## [PROVIDED DATA]
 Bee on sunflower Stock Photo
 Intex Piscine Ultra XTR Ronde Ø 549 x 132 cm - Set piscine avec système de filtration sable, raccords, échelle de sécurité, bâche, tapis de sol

==

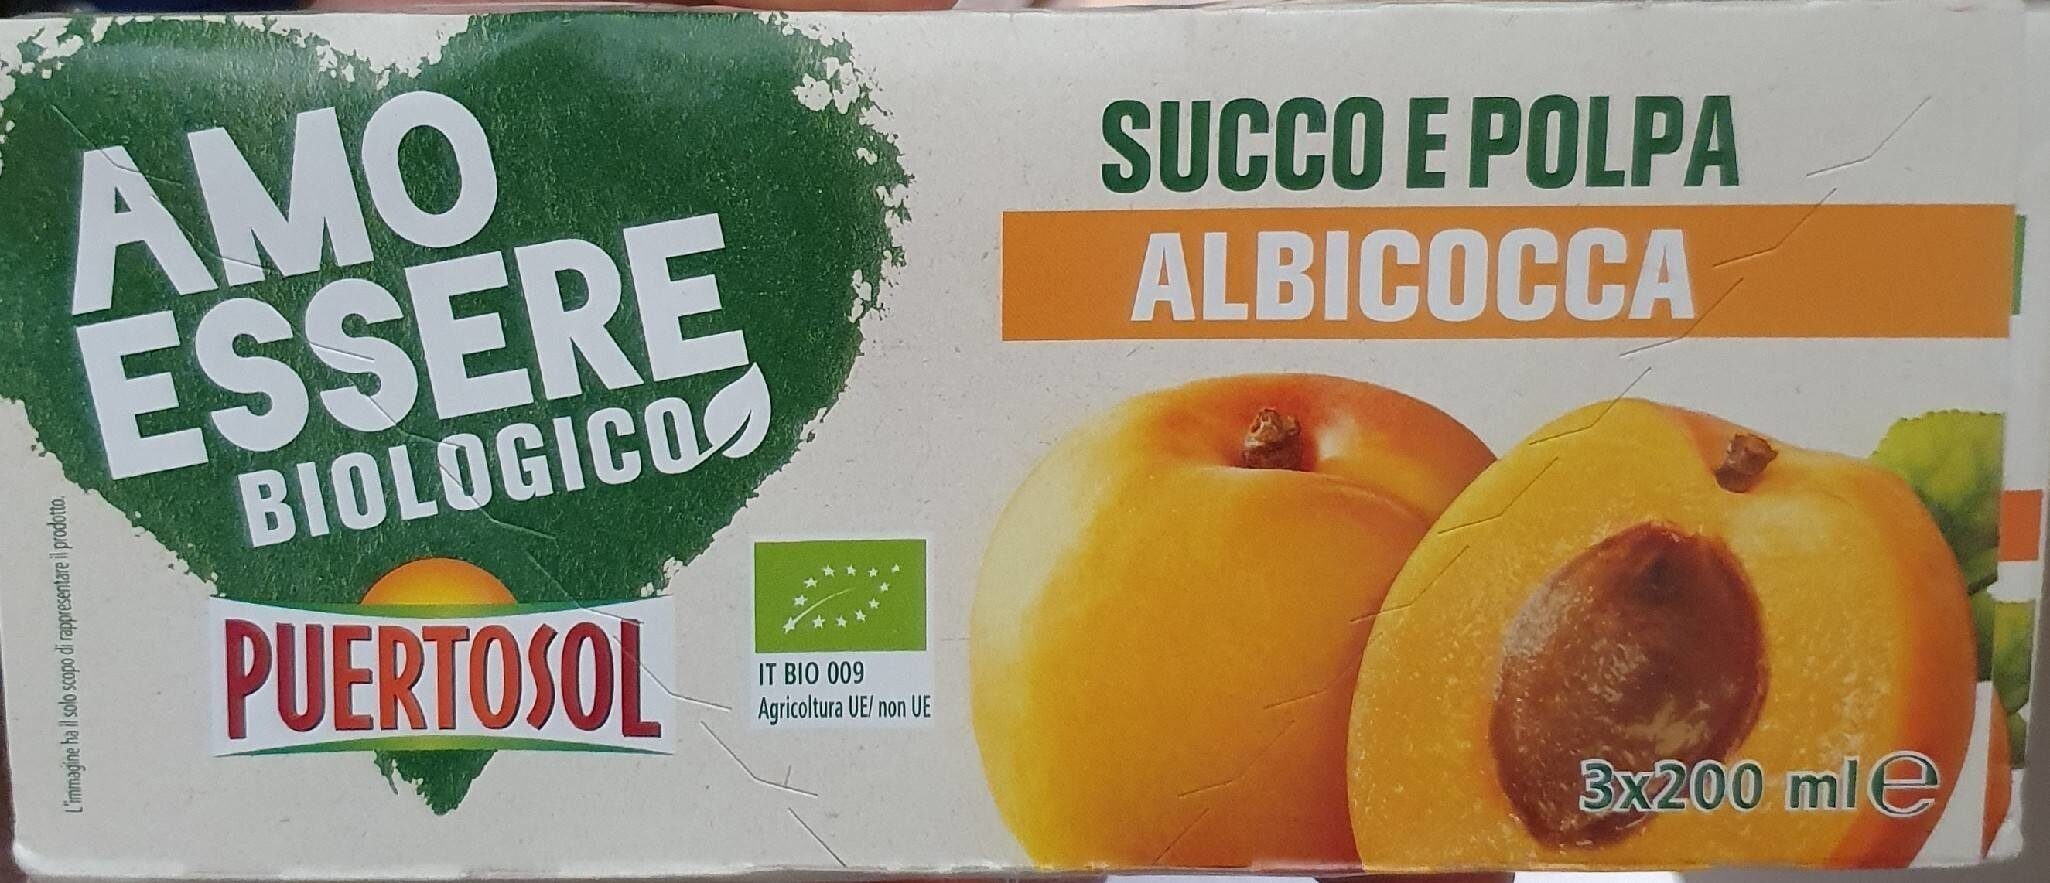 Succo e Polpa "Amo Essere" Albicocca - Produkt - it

==

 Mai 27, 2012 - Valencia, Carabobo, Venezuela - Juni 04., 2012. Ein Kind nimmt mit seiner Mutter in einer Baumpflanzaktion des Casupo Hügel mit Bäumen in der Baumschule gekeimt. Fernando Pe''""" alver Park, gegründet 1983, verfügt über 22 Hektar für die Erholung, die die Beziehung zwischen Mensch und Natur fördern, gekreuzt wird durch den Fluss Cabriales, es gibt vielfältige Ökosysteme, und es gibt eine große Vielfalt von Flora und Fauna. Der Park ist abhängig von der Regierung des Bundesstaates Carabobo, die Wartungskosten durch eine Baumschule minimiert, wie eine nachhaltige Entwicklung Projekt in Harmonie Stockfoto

## [WHAT YOU ARE ASKED TO DO]
Nothing should appear in the answer except the lines above from the line with "Bee on sunflower Stock Photo" through the line with "Intex Piscine Ultra", both included, written out exactly.

## [OUTPUT FOR THIS TASK]
 Bee on sunflower Stock Photo
 Intex Piscine Ultra XTR Ronde Ø 549 x 132 cm - Set piscine avec système de filtration sable, raccords, échelle de sécurité, bâche, tapis de sol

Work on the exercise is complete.